Namun, dalam forum penting itu pihak PT KJW tidak hadir. Perusahaan hanya menyampaikan surat resmi kepada DPRD Tala yang berisi permintaan agar persoalan ditempuh melalui jalur peradilan lantaran proses mediasi sebelumnya dinilai belum menghasilkan kesepakatan.

Dari hasil RDPU, terungkap bahwa konflik tersebut sebenarnya merupakan persoalan lama yang pernah difasilitasi melalui kesepakatan bersama pada tahun 2023 dengan melibatkan unsur Forkopimda. Dalam pertemuan kali ini, masyarakat kembali mempertanyakan kejelasan tindak lanjut dari kesepakatan yang pernah dibangun sebelumnya.

Sebagai langkah lanjutan, Komisi I DPRD Tala menyarankan Syahrun dan kelompok masyarakat untuk kembali menyampaikan surat resmi kepada pemerintah daerah guna membuka ruang audiensi lanjutan.
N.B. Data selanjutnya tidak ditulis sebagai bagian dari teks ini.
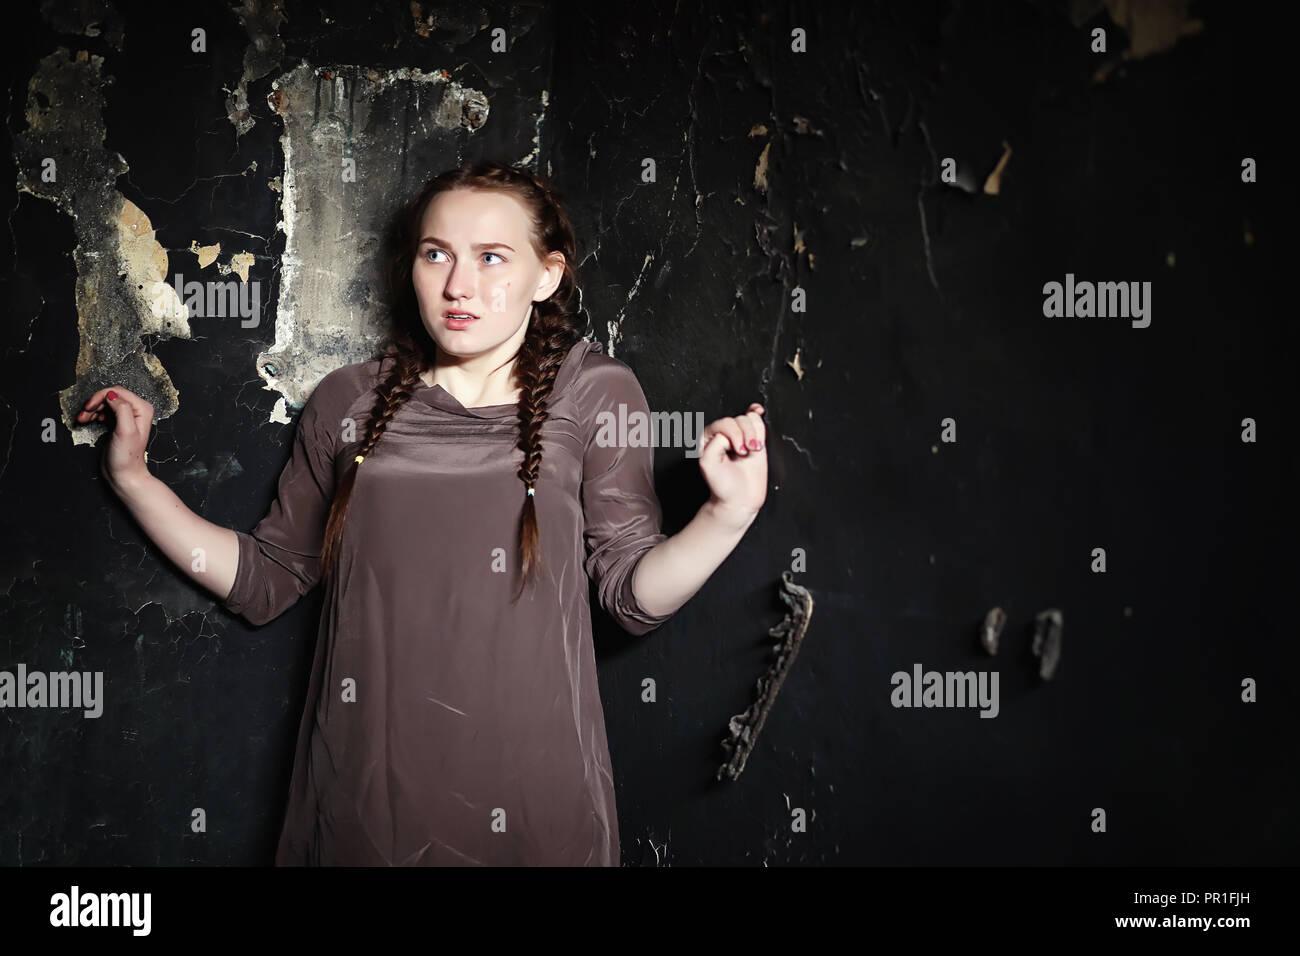 Porträt eines erschrockenen jungen hübschen Mädchen Stockfoto

Selain itu, DPRD juga mendorong agar tim penyelesaian sengketa yang sempat dibentuk pada 2023 kembali diaktifkan.

“Termasuk mengaktifkan kembali tim yang sudah ada agar komunikasi berjalan sesuai kesepakatan sebelumnya,” tegas Yoga yang juga Ketua

DPD PAN Tala.
Ia menambahkan, apabila upaya lanjutan nantinya kembali menemui jalan buntu, DPRD Tala akan merekomendasikan penyelesaian melalui jalur hukum dengan melampirkan alat bukti kepemilikan yang dimiliki masyarakat.

Komisi I DPRD Tala menegaskan komitmennya untuk terus mengawal penyelesaian sengketa tersebut agar tidak berlarut-larut. Legislator juga meminta seluruh proses tetap berjalan sesuai koridor hukum serta mengedepankan asas keadilan bagi masyarakat maupun pihak perusahaan. (MN)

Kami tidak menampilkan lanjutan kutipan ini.